Я зашел, положил пакет с сувенирами и виски в общую кучу, громоздившуюся около стола, и сел рядом с третьим механиком и напротив начальника рации. Пора бы нам с Маркони восстановить приятельские отношения. Думаю, это будет легко сделать, ведь ничто не размывает так быстро стыдливость, как алкоголь. Заказывать я не спешил, надеялся, что угостят. Так и случилось: третий механик показывал запыхавшемуся официанту на меня, а потом – три оттопыренных пальца, и вскоре передо мной стояли рюмка и тарелка с «лягушками в тесте», а в центре стола – три бутылки рисовой водки. Наверное, «машина» продала стружку цветных металлов – почему бы не угостить «палубу», не щелкнуть ей по носу? Ну-ну, щелкает тот, кто щелкает последним...
Начальника рации, судя по багровому и потному лицу, нагрузился уже по ватерлинию.
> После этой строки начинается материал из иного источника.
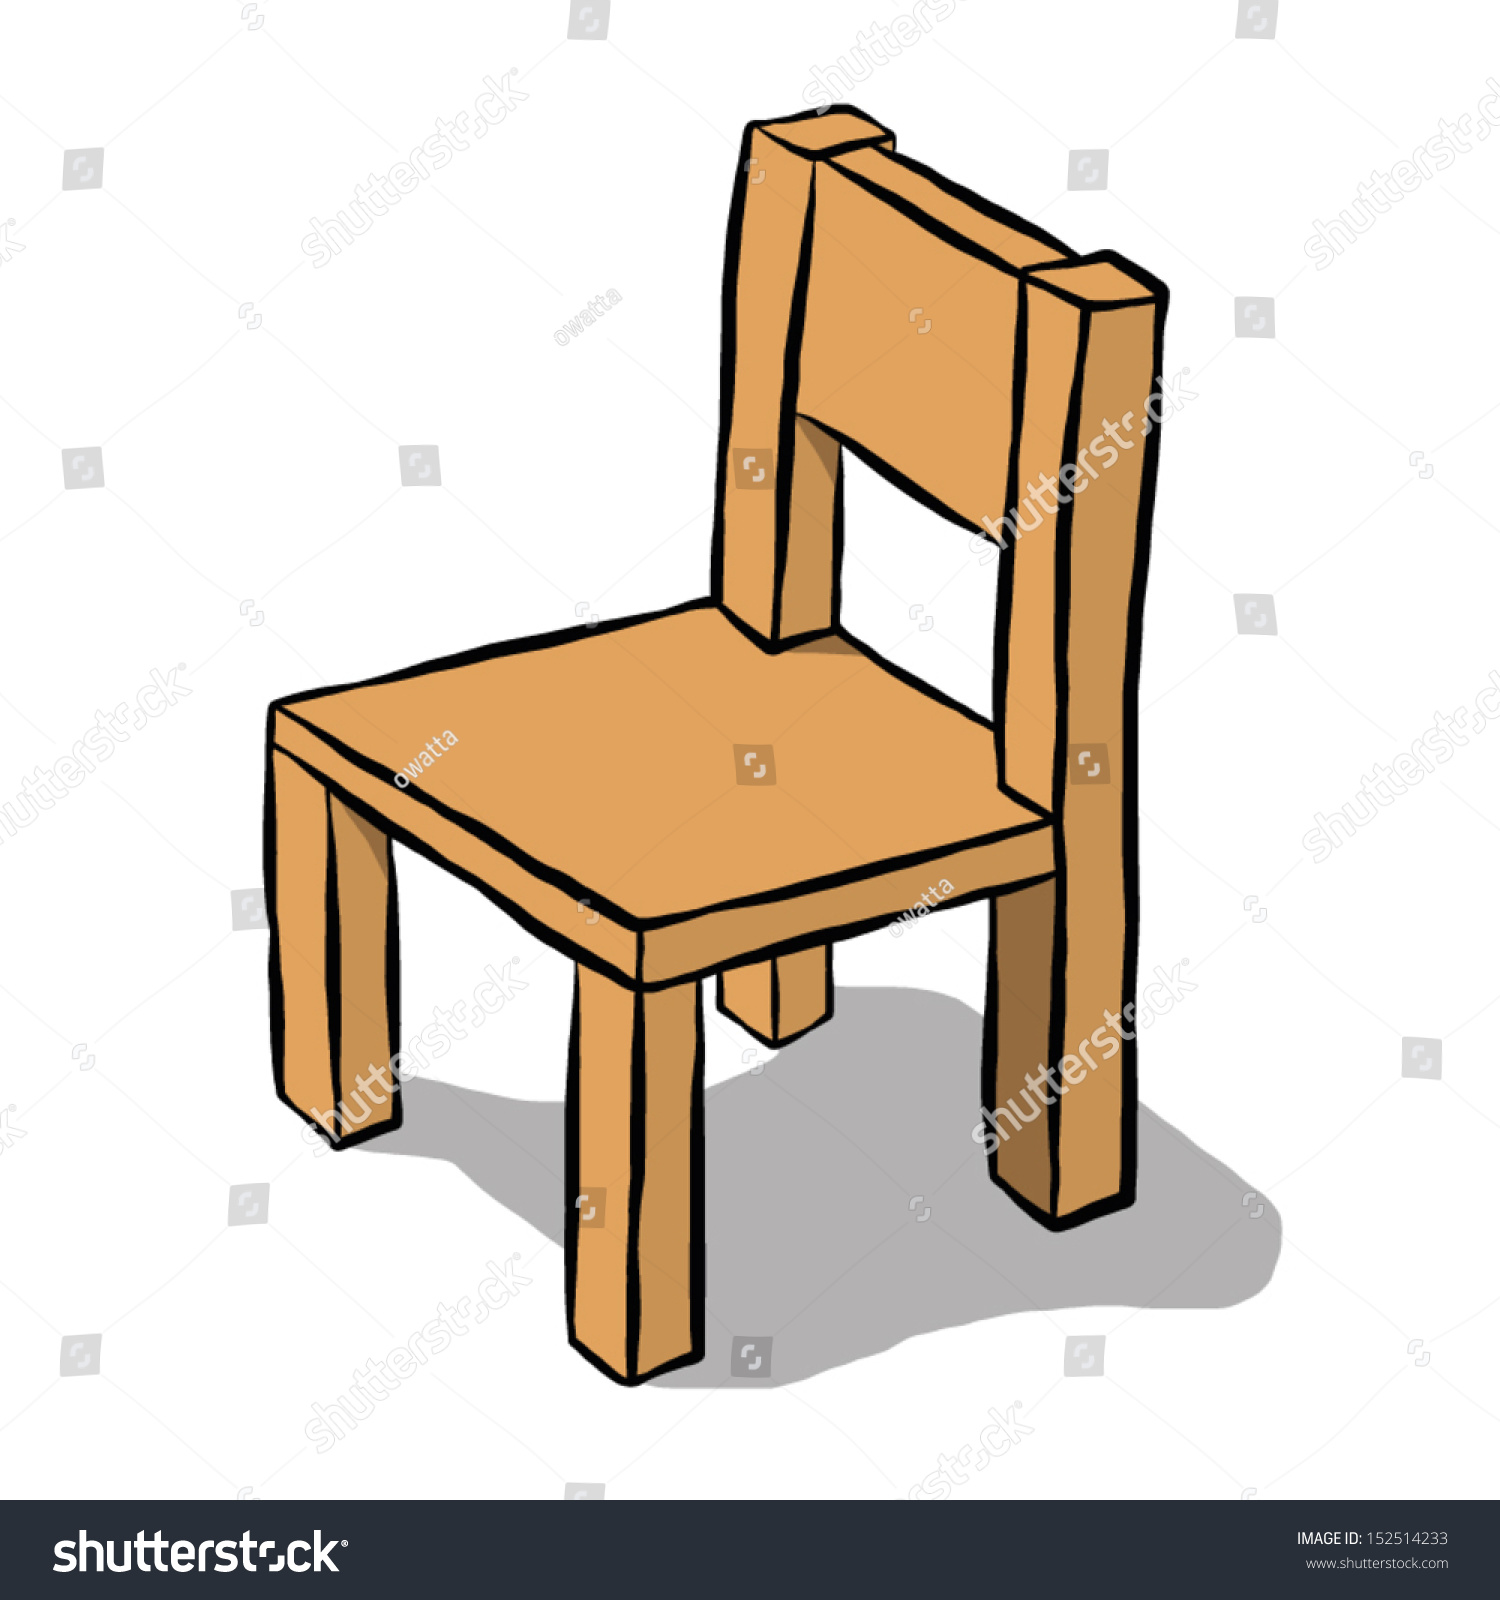 Brown Wooden Chair Cartoon Vector Illustration Vectores En Stock 152514233  Shutterstock

Он хвастался перед дневальной похождениями в Сингапуре то ли в прошлый, то ли в многолетней давности заход. Из его слов получалось, что все небоскребы были поставлены на крыши, и только после ухода их судна вернулись в нормальное положение, а женщина всего города ползли, рыдая, по асфальту и упрашивали начальника рации не покидать их. Слез было так много, что Маркони вернулся на судно в мокрых по колено штанах. Нина слушала очень внимательно, как врач пациента, лишь иногда вставляла слово-два, приподымая при этом брови. Скажет что-то – брови дважды подлетят на лоб, на котором каждый раз собираются тонкие складочки. Третий механик не вмешивался в из разговор, пил, я бы сказал, с остервенением. Время от времени он тяжело и недолго смотрел на обоих, а когда Нина, откликаясь на его взгляд, поворачивалась к нему, опускал глаза в рюмку и, если там была водка – пил, если не было – наливал себе и любовнице. Ее рюмка была полна, водка текла через край. Дневальная не останавливала Андрея, смотрела на него виновато и жертвенно, и сильнее было заметно, что она кособока.
Наверное, устав от ее взглядов, третий механик спросил меня:
– Что так мало «школы»?
– Остальное отправил на судно с посыльным.
– Хорошо живем, – решил третий механик.
– Не жалуемся, – сказал я. – А тебе кто мешает?